> Your task: Each line of the data below between the one containing "Glenturret 1987 Aged" and the one containing "Long live Quit", both included, is to be repeated exactly. Please omit pictures.

> Records provided:
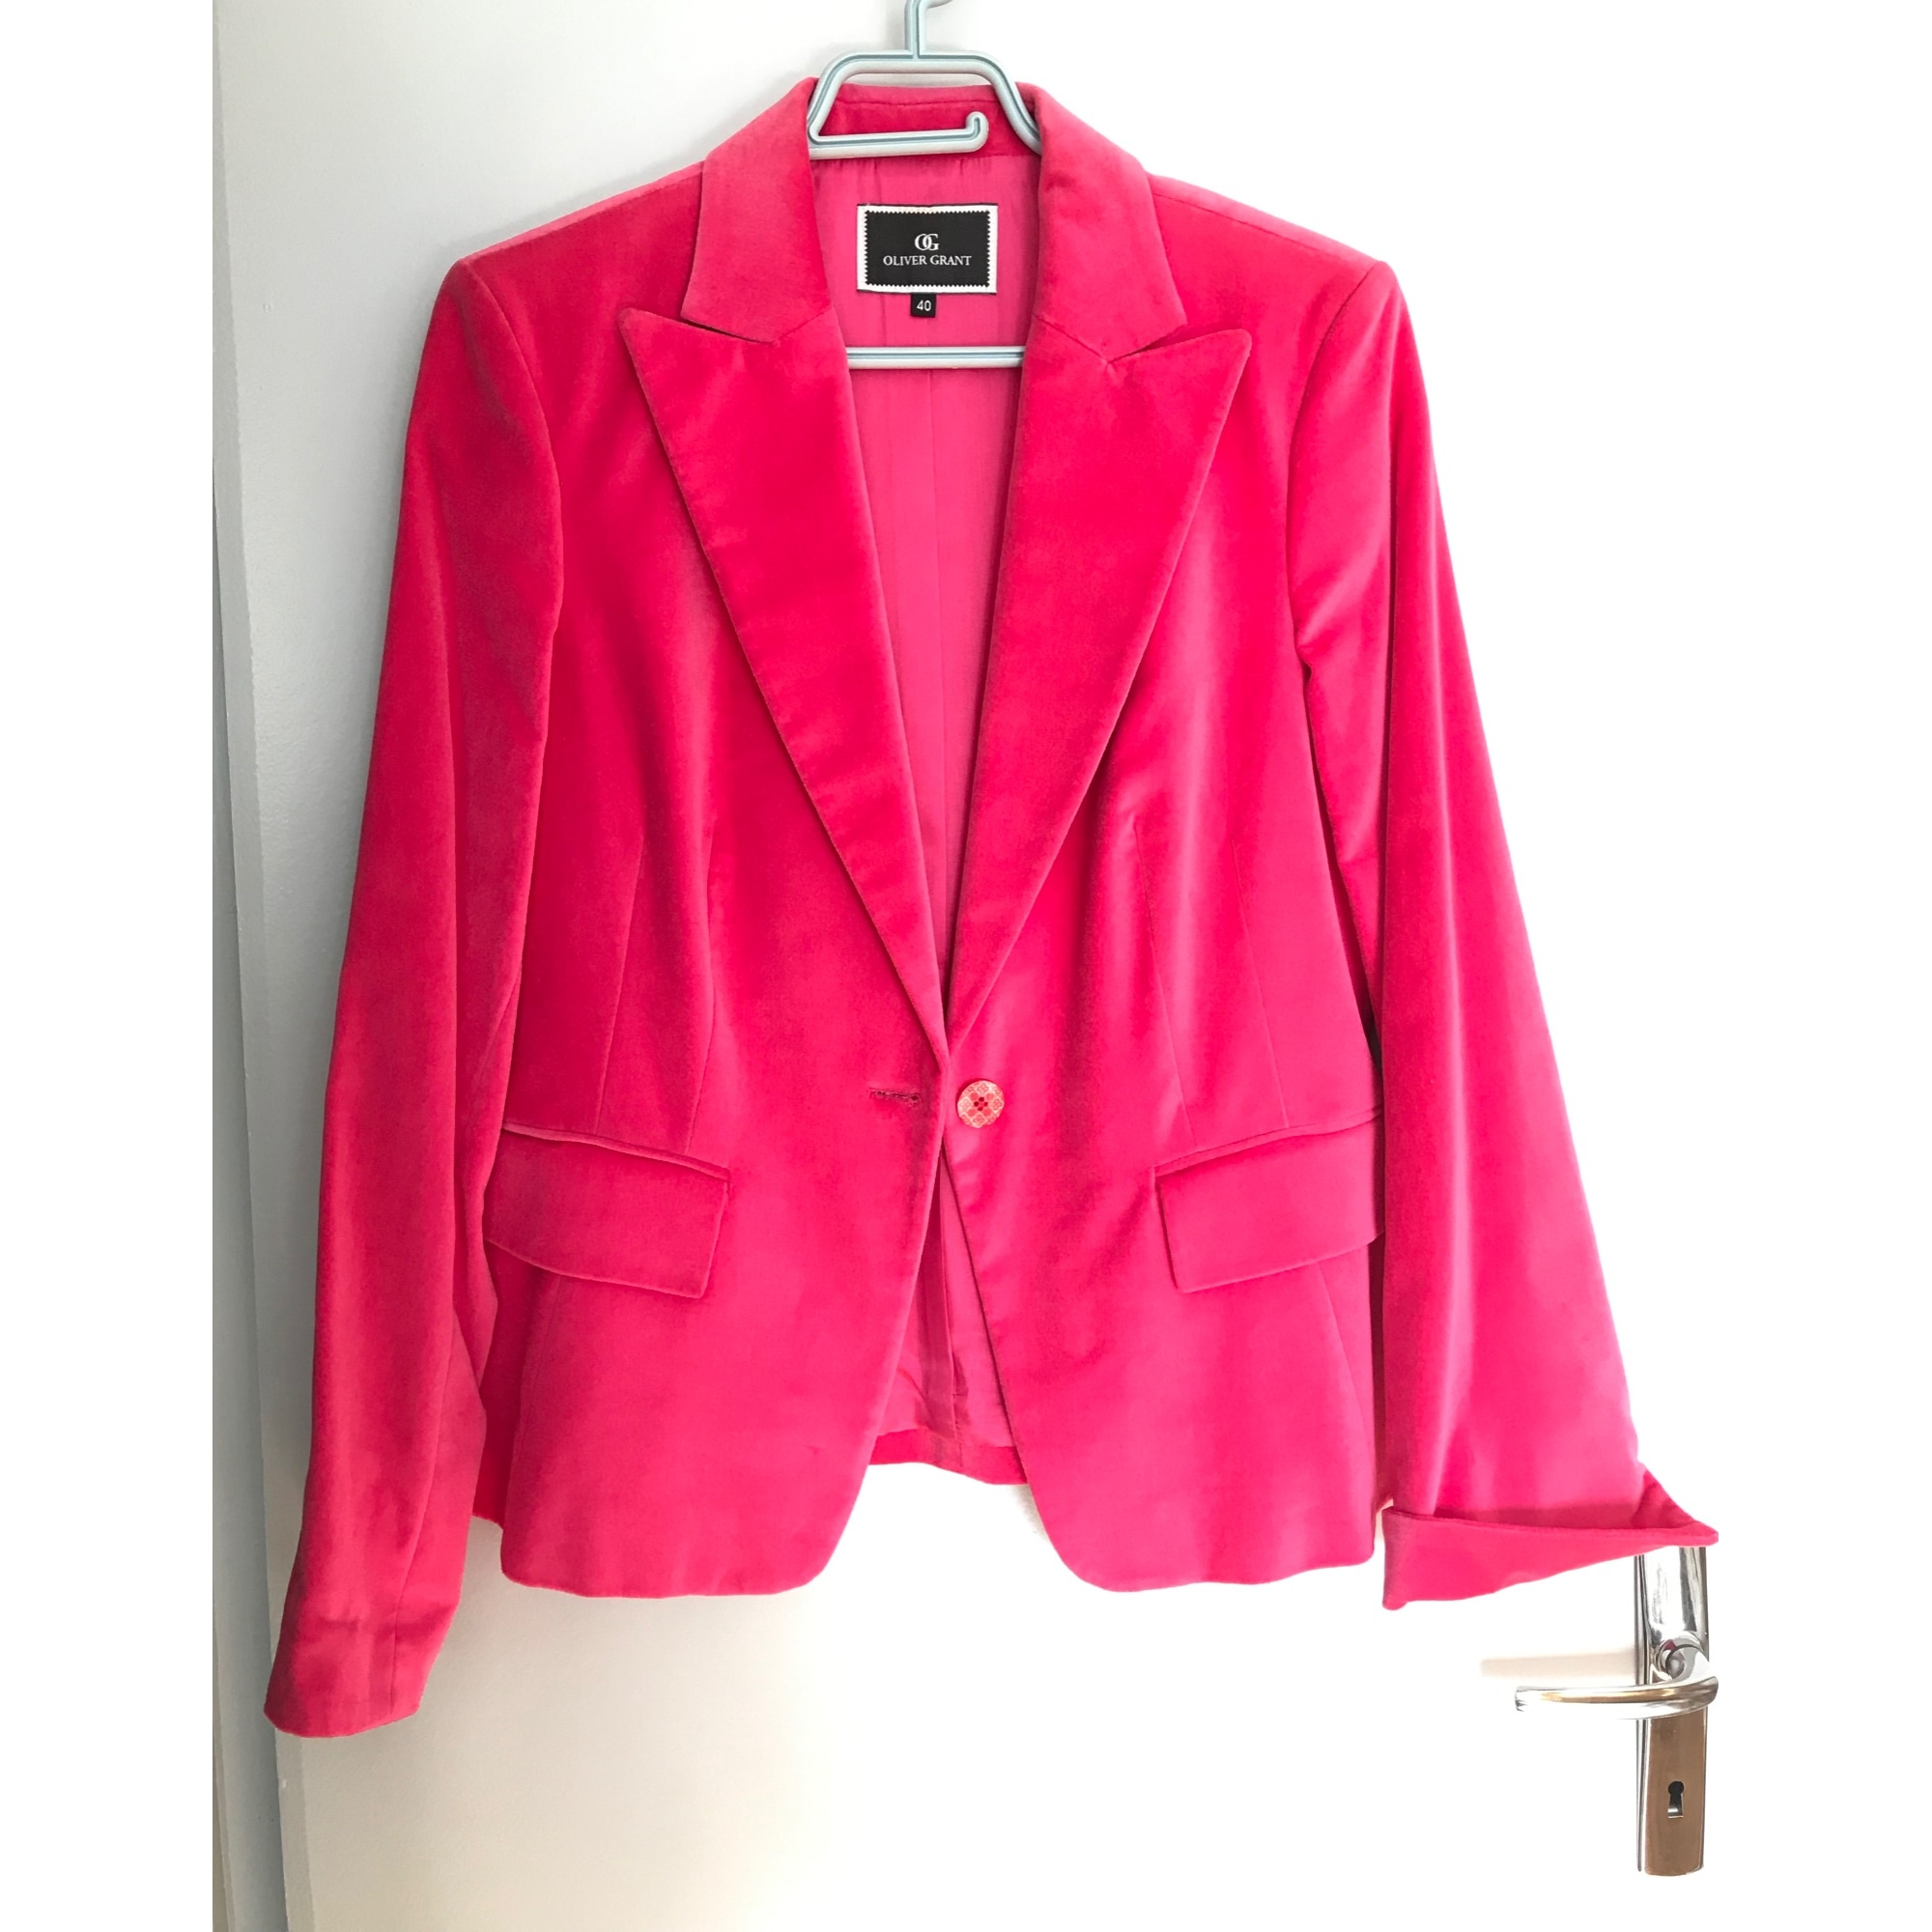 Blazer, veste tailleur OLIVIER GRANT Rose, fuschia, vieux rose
* * *
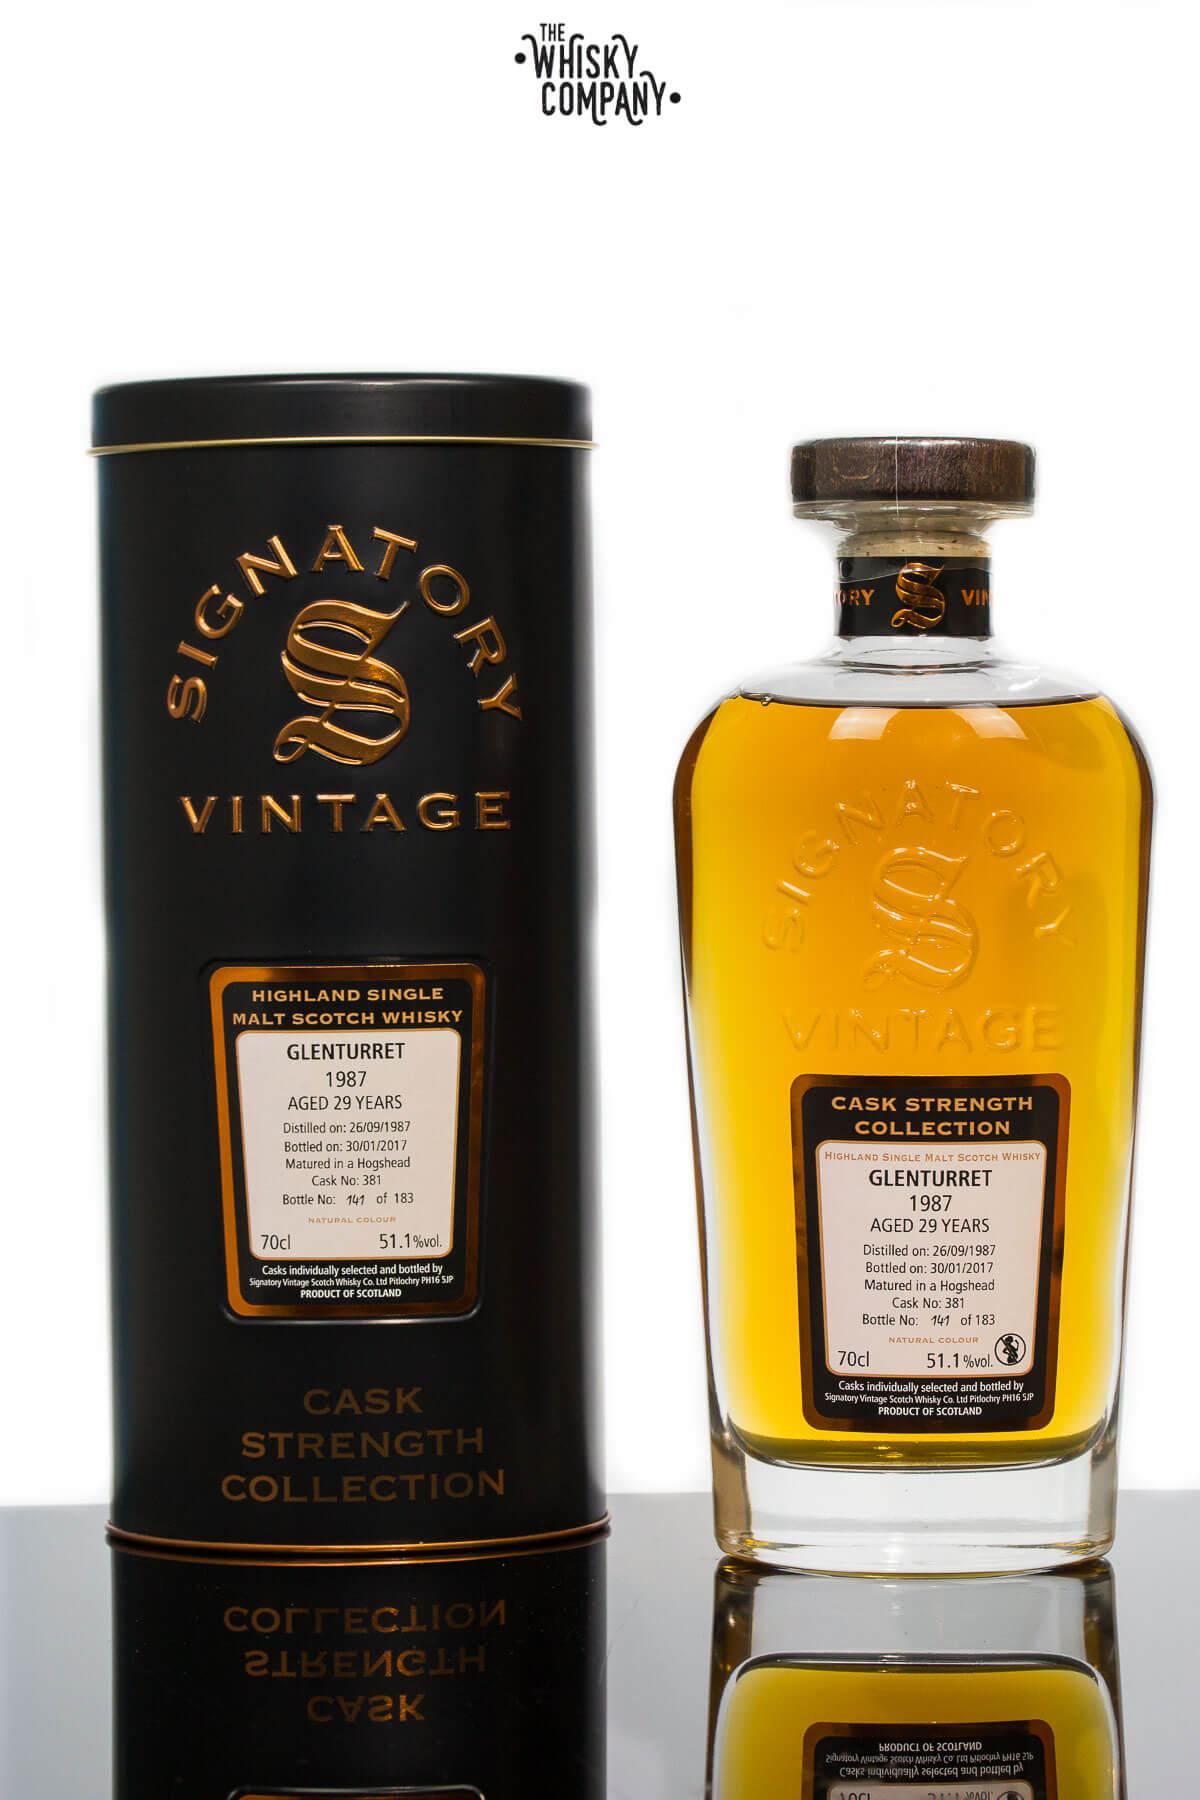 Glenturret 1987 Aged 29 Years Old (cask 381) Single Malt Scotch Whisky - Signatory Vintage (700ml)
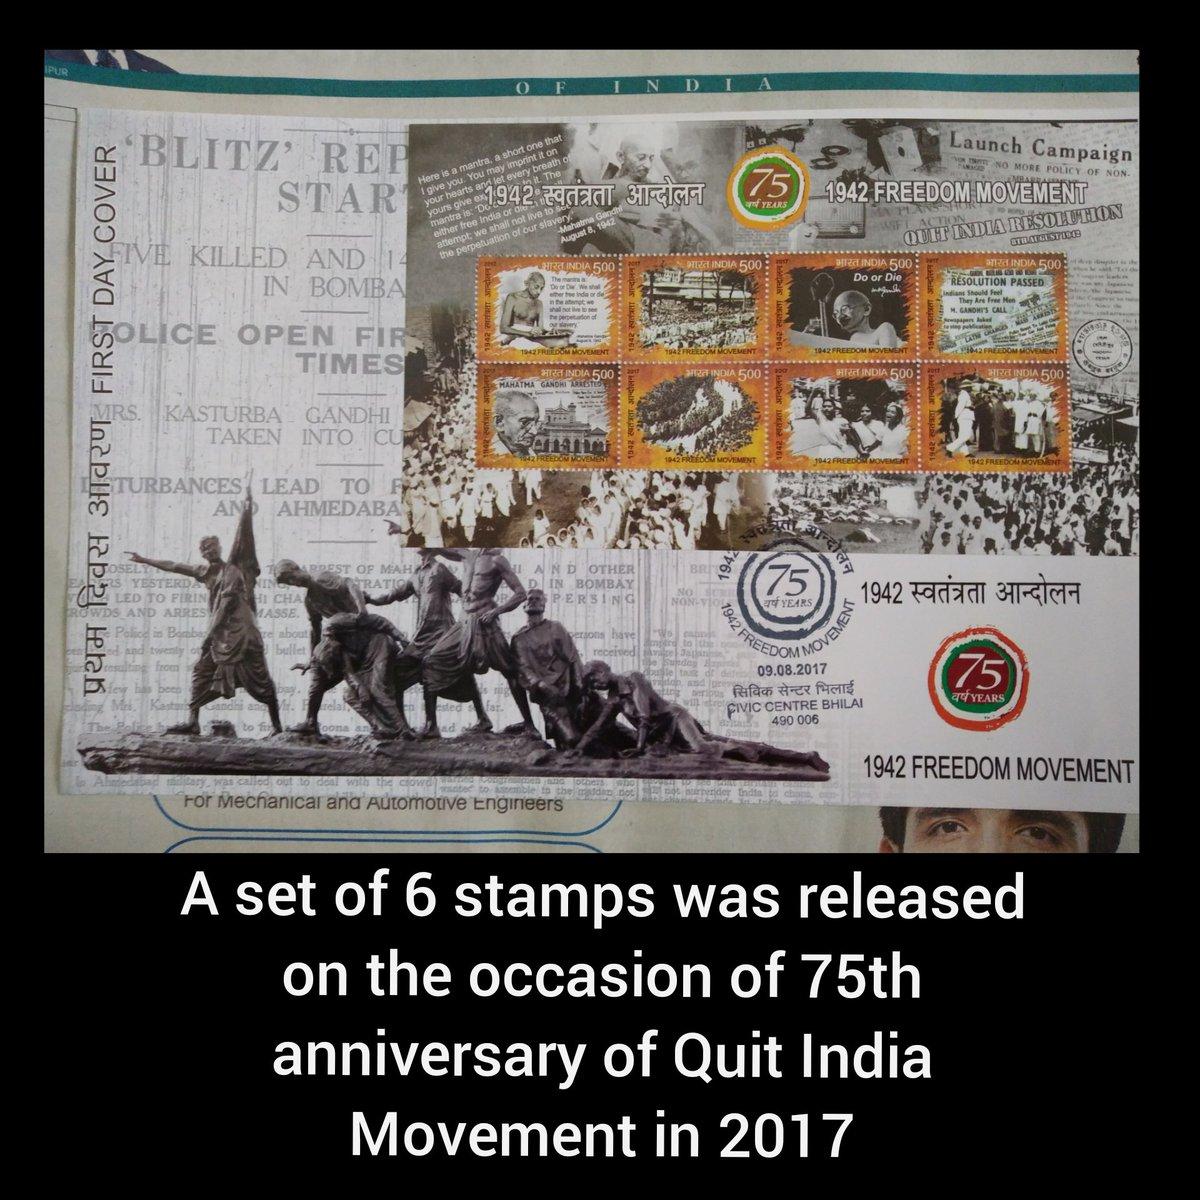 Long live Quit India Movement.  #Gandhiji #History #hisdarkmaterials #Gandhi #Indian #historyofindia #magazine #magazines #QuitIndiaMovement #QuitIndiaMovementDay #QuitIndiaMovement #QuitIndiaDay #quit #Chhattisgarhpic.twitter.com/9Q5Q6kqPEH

> Output:
 Glenturret 1987 Aged 29 Years Old (cask 381) Single Malt Scotch Whisky - Signatory Vintage (700ml)
 Long live Quit India Movement.  #Gandhiji #History #hisdarkmaterials #Gandhi #Indian #historyofindia #magazine #magazines #QuitIndiaMovement #QuitIndiaMovementDay #QuitIndiaMovement #QuitIndiaDay #quit #Chhattisgarhpic.twitter.com/9Q5Q6kqPEH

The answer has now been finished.